The 100-grain Federal load will provide 347 ft-pounds of muzzle energy; Remington’s 100-grainer offers 336. Meanwhile, the Speer 115-grainer generates 338 ft-pounds. Those numbers compare well to the 381 and 313 ft.-pounds produced by Federal’s 124-grain and 147-grain 9 mm loads, respectively. Moreover, JHP bullets in the new cartridge expand 1.9 times original caliber, almost identical to the best 9 mm loads, which expand 1.915 times initial diameter.

But it does this because of it is a very high pressure pistol load: 50,000 psi. As the video, above, explains, you potentially are facing problems with blown primers at those pressures. And it will be louder than either .380 or 9 mm. Perhaps more importantly to the end user, however, is that this high pressure and fast moving smaller bullet results in recoil that is reported as largely indistinguishable from the 9 mm.

    It appears that there are two pistols available or that will be available soon for this cartridge: a ultra-premium Nighthawk Custom pistols, specifically the President and GRP; and the S&W Shield EZ. Smith & Wesson will also be introducing a Shield Plus in .30 Super Carry.

    The price of the ammunition, according to Federal, will be comparable to .380 ACP. In other words, slightly more expensive than 9 mm, at least for practice and plinking ammo.
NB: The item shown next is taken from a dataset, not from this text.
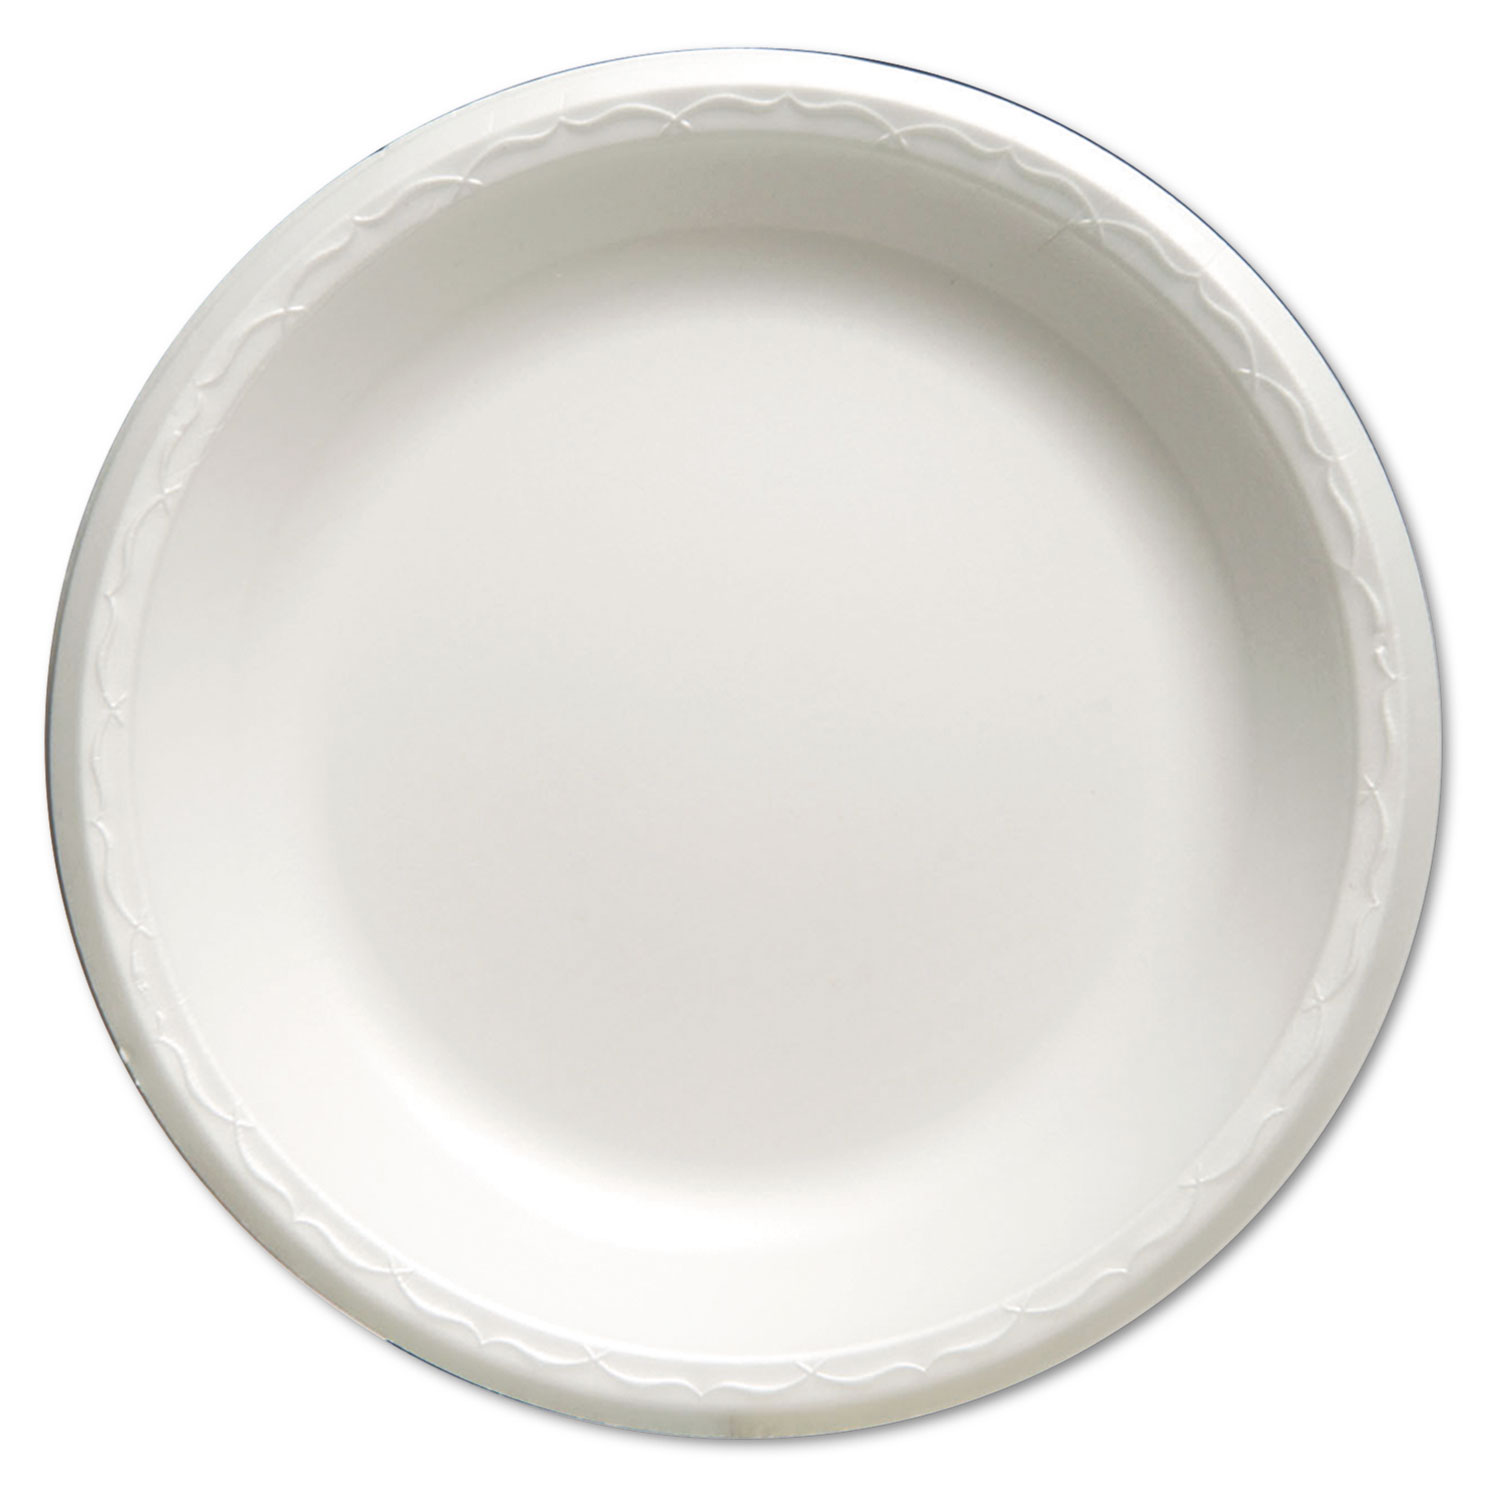  Genpak 81000--- Foam Dinnerware, Plate, 10 1/4 dia, White, 125/Pack, 4 Packs/Carton (GNP81000)

    Test results in the articles indicate that the cartridge was accurate, although that might be more the result of the firearm than anything inherent in the round. 

    Although there is a lot of luck in whether a cartridge will take off and become popular--basically, is it the right cartridge at the right time--there is always the issue of whether the new cartridge can do something better than some other cartridge. (Of course, an influential figure in the gun community could also boost the popularity of a cartridge).

    In this case, because of the harsher recoil, higher pressure, and a longer cartridge overall length, I don't believe that the .30 Super Carry is going to displace the .380 for those people that are already using the .380. That is, if those people wanted what the .30 Super Carry brings to the table, including the recoil and length and higher pressure than can be used in blowback designs, they would have already been using 9 mm. 

    Because the performance largely mimics the 9 mm, the .30 Super Carry is largely going to be competing against the 9 mm. Now, if this cartridge had been release about 5 years ago when single-stack 9 mm's were all the rage, it would have offered a significant advantage over the 9 mm by the simple fact that it would allow you to carry 7 to 9 rounds of ammunition versus 6 or 7 rounds of 9 mm in the same size magazine. Thus the probable reason for the first two pistols released being essentially single stack guns. (Interestingly, development started before the introduction of micro-9s). 

    But with the introduction of higher capacity micro-9s, does the .30 Super Carry bring enough to the table to convince people to abandon their 9 mm? I don't know; but as for me, it does not.